Top Five Liverpool Prospects

Top Five Liverpool Prospects
November 10, 2009 Paul Tomkins

The following five players are the quintet who I believe to be the brightest prospects at the club, out of those who have yet to make a senior appearance, but who are at an age where a breakthrough in the next year is not impossible.

Each is very much on Rafa’s radar, although that doesn’t mean they will definitely succeed, or that others not listed here weren’t also singled out for praise by the manager.

Some will overtake those who have already played for the first-team, but getting above some good 20-year-olds in the pecking order is easier than getting past world-class midfielders and strikers. Liverpool’s 4th-choice central midfielder is currently a Brazilian international who won his league’s Footballer of the Year award aged just 20. That’s how big the leap is from reserve to first-team football.

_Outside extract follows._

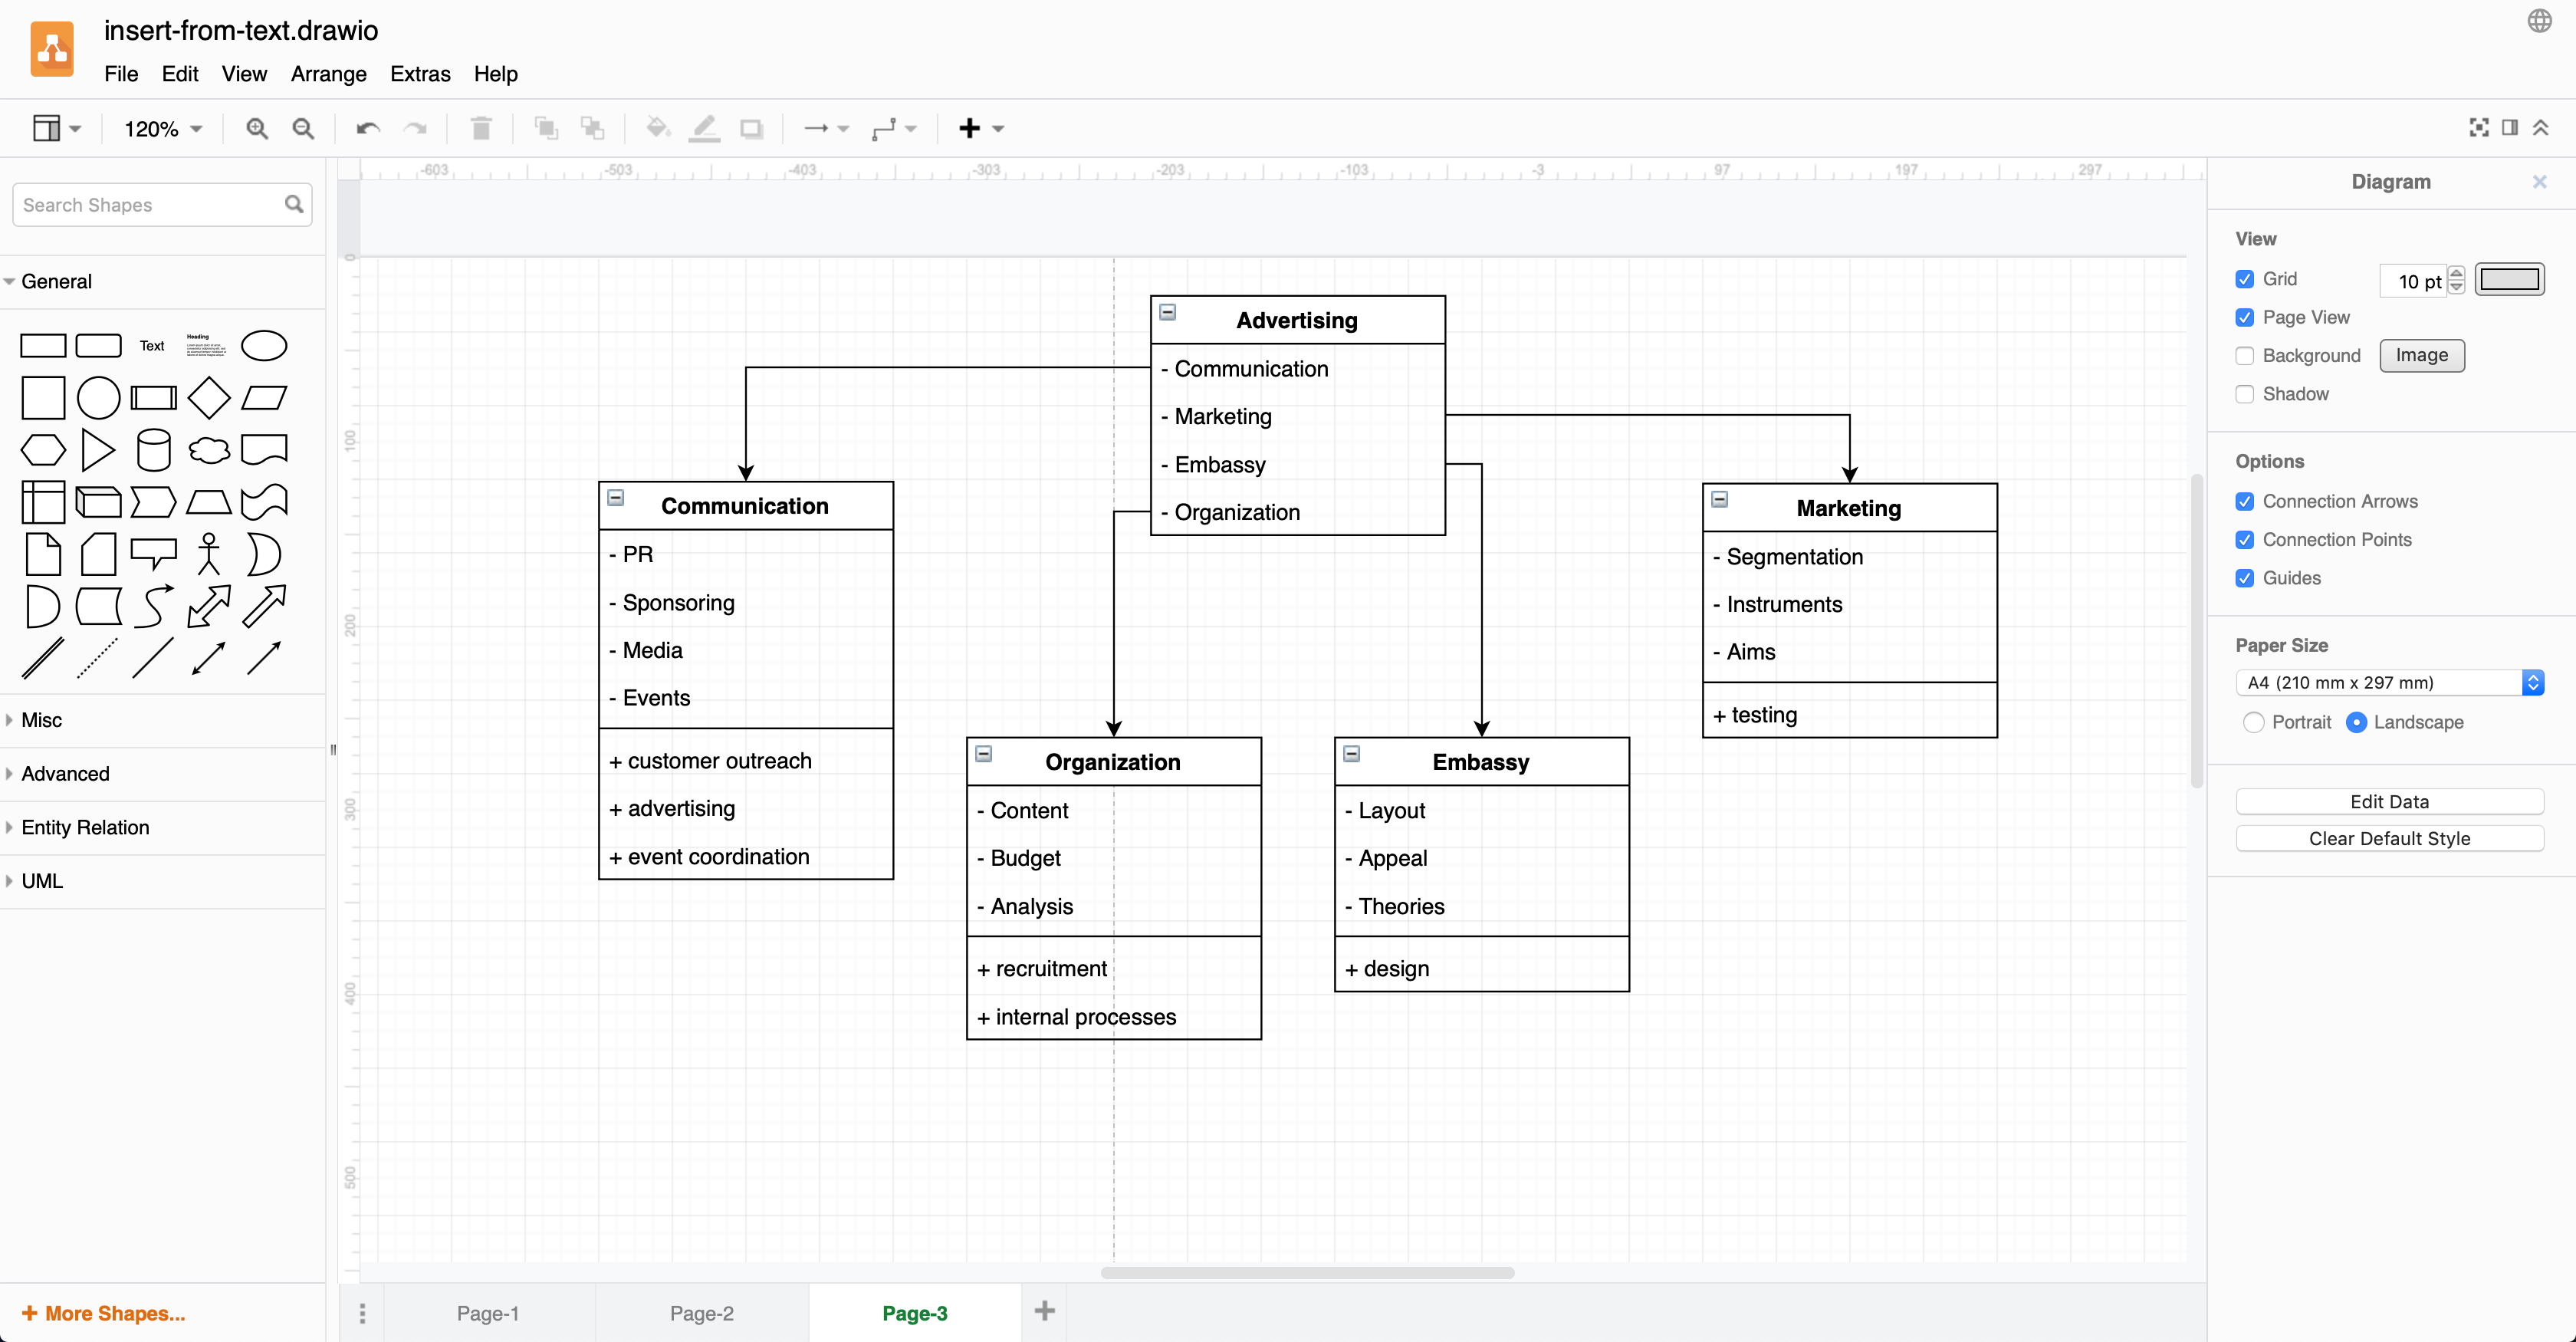 A connected entity diagram example created in draw.io

While the youth system has been hugely problematic in recent years, with Steve Heighway and Rick Parry having their ideas (some of which clearly seem outdated, both in terms of scouting and training, and therefore contrary to what the manager wanted), it’s looking like the time is finally right for some scouted talents to break through; at the very least, they look capable of making up the numbers in the squad, and forcing out some fringe figures.

It might take longer for the local lads, particularly as players like Jack Rodwell (believed to be from a family of Reds) slipped through the net of a scouting system that was fragmented and lacking professionalism.

Appointing Kenny Dalglish as an Academy figurehead is all part of making the club more attractive to youngsters, and it was encouraging that Steven Gerrard was told by Dalglish that there is some real talent at Kirkby.

But the ones at Melwood are those who interest me for this piece.

From Benítez’s point of view, only now, in 2009, does he have his staff in place, with the previous incumbents appointed by Parry. I had assumed that the manager had control of the appointments following Heighway’s departure in 2007, but this was not the case.

In other words, it’s hard to blame the manager for what’s come through the system in terms of home-grown talent, and also, bar Stephen Warnock, not one local lad has been sold or let go and gone on to look even remotely good enough to return. That’s why the best prospects were mostly scouted from further afield.

What’s most encouraging is that all, bar one, of the five I have chosen are physically strong, powerful players. While there are some exciting diminutive technicians (Pacheco, Bruna, Kacanaklic), you need to be outstanding as a team to play in the Premiership without power and strength.

What Liverpool need right now is a little extra height, particularly when defending set-pieces, and most of these players certainly possess that. (While Chelsea, for example, have Joe Cole and Deco, on the whole they are perfectly suited to Premiership football in terms of size and pace.)